There is currently a trend developing whereby parties who are attending mediation will sign what is called a Mediation/Arbitration agreement. This means that if the parties are unable to reach an agreement in the mediation the mediator will automatically become an arbitrator at the end of the process and make a decision which is binding on the parties.
This can be a useful process but it also has some negative implications which are:
- Once parties sign a Mediation/Arbitration agreement they are required to arbitrate and cannot withdraw from the process without the consent of both parties.
- An Arbitration is essentially the same as a trial. If done properly it requires your lawyer to prepare and present evidence in a much more formal way that is required at mediation and this will increase the cost considerably.
- You will pay an arbitrator an hourly rate (usually approximately $400/hour) to both hear the case and to make a decision. You do not pay Judges.
- Judges are highly trained and experienced at making decisions, arbitrators may not be.
All of these factors need to be taken into account but there is one additional reason not to enter into a mediation/arbitration agreement and that is that it changes the nature of the mediation itself and can make the mediation much less effective.
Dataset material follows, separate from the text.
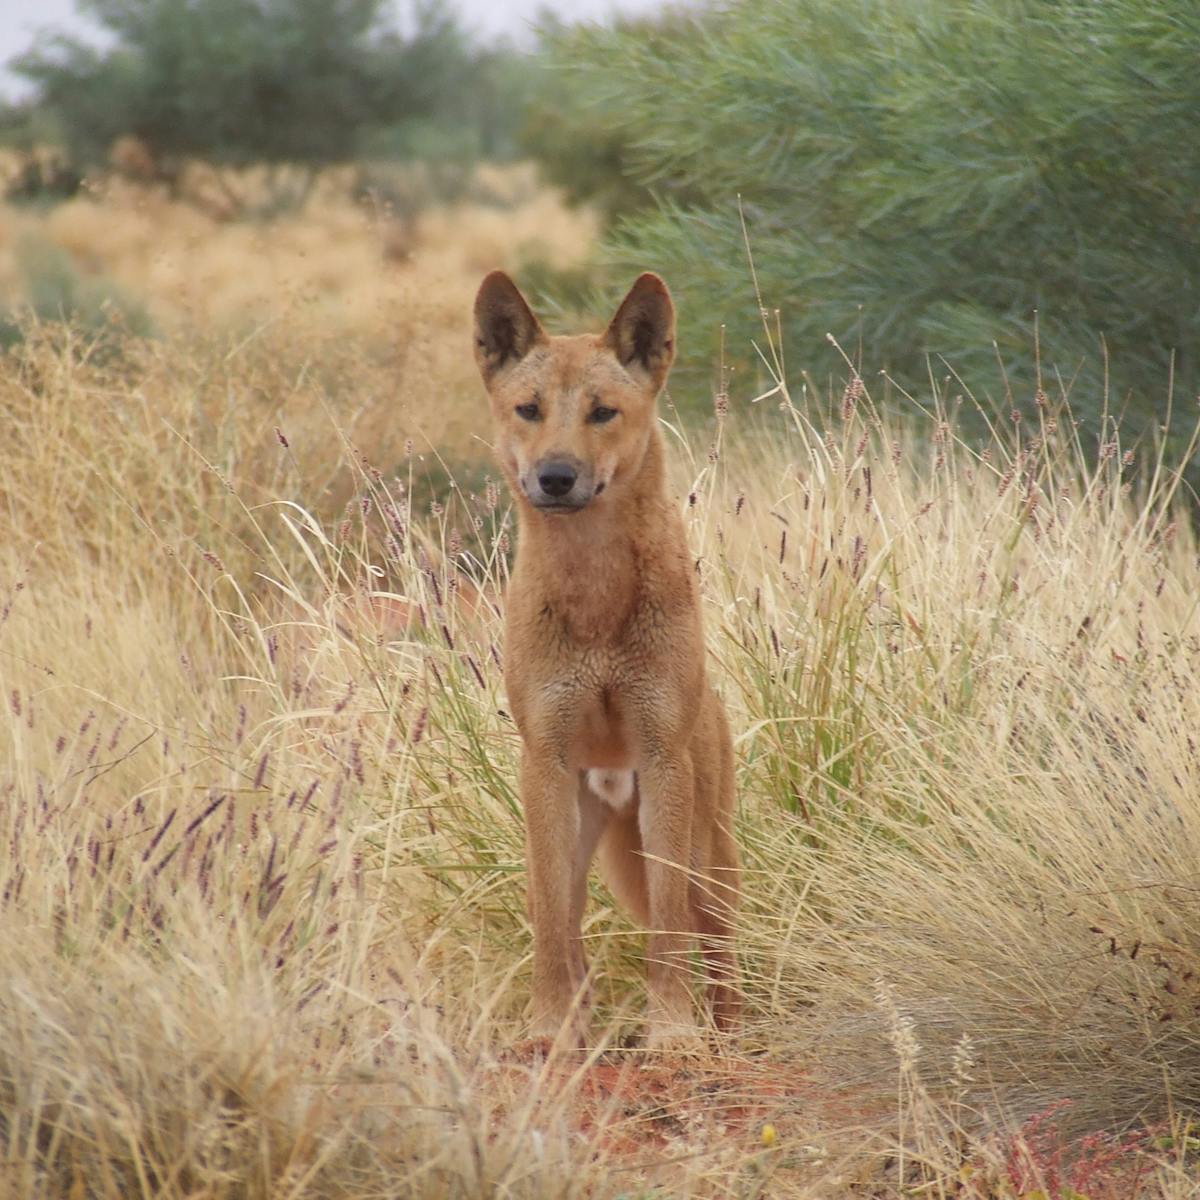 Australia should enlist dingoes to control invasive species
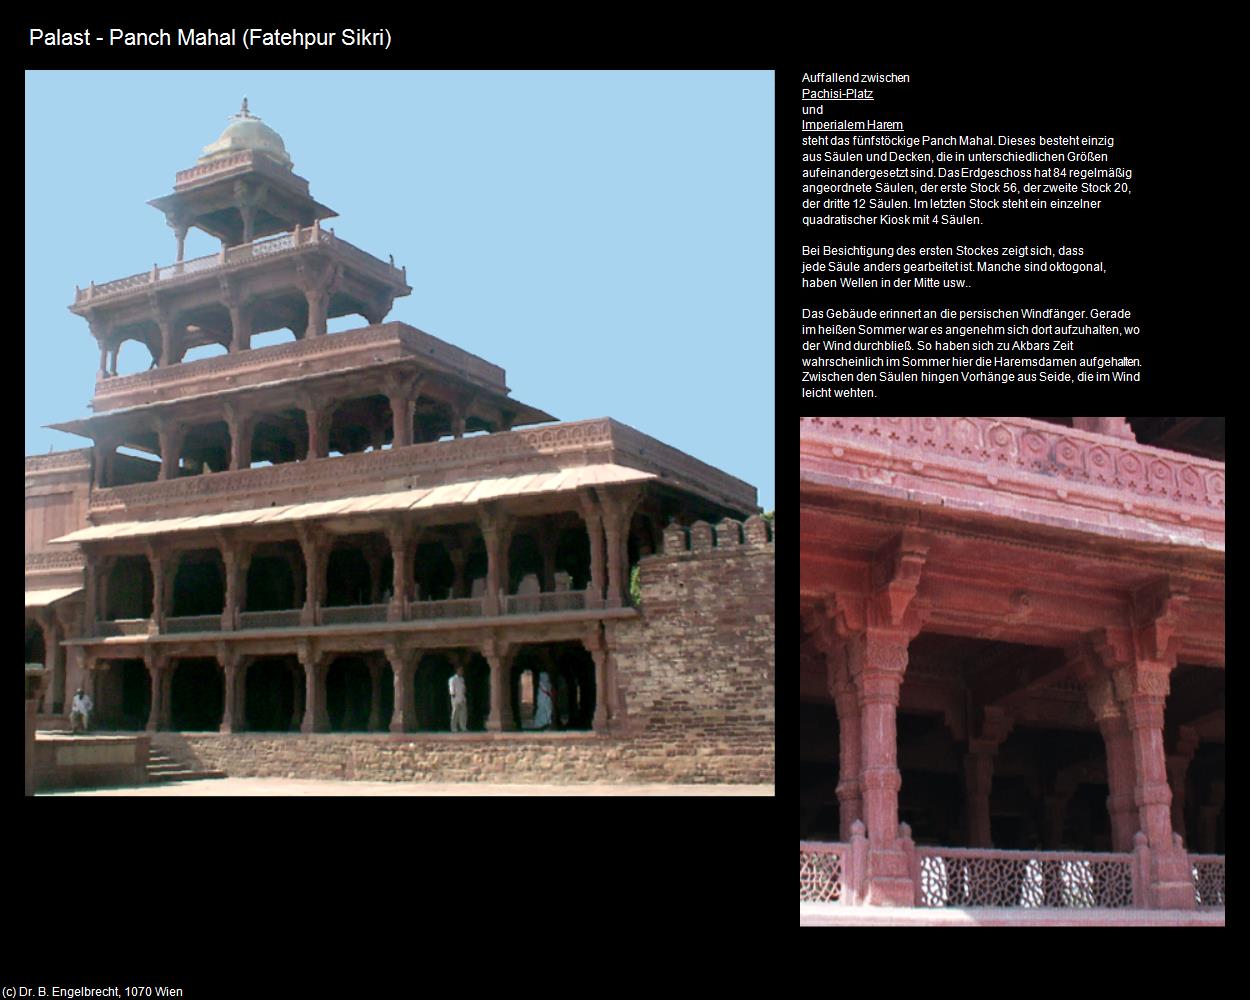 Palast - Panch Mahal (Fatehpur Sikri) in Rajasthan - das Land der Könige(c)B.Engelbrecht

Mediation is a highly successful process and one of the reasons for that is that the mediator can interject their views regarding the likely outcome of the dispute if it were taken to a trial. A good mediator can also facilitate settlement by assisting parties to evaluate the risks involved in proceeding to trial. This often assists parties to accept settlements in the mediation process. If the mediator knows they will be called upon to arbitrate the issue they cannot express their views on the merits of the case during the mediation and the result is that the mediation is far less likely to succeed.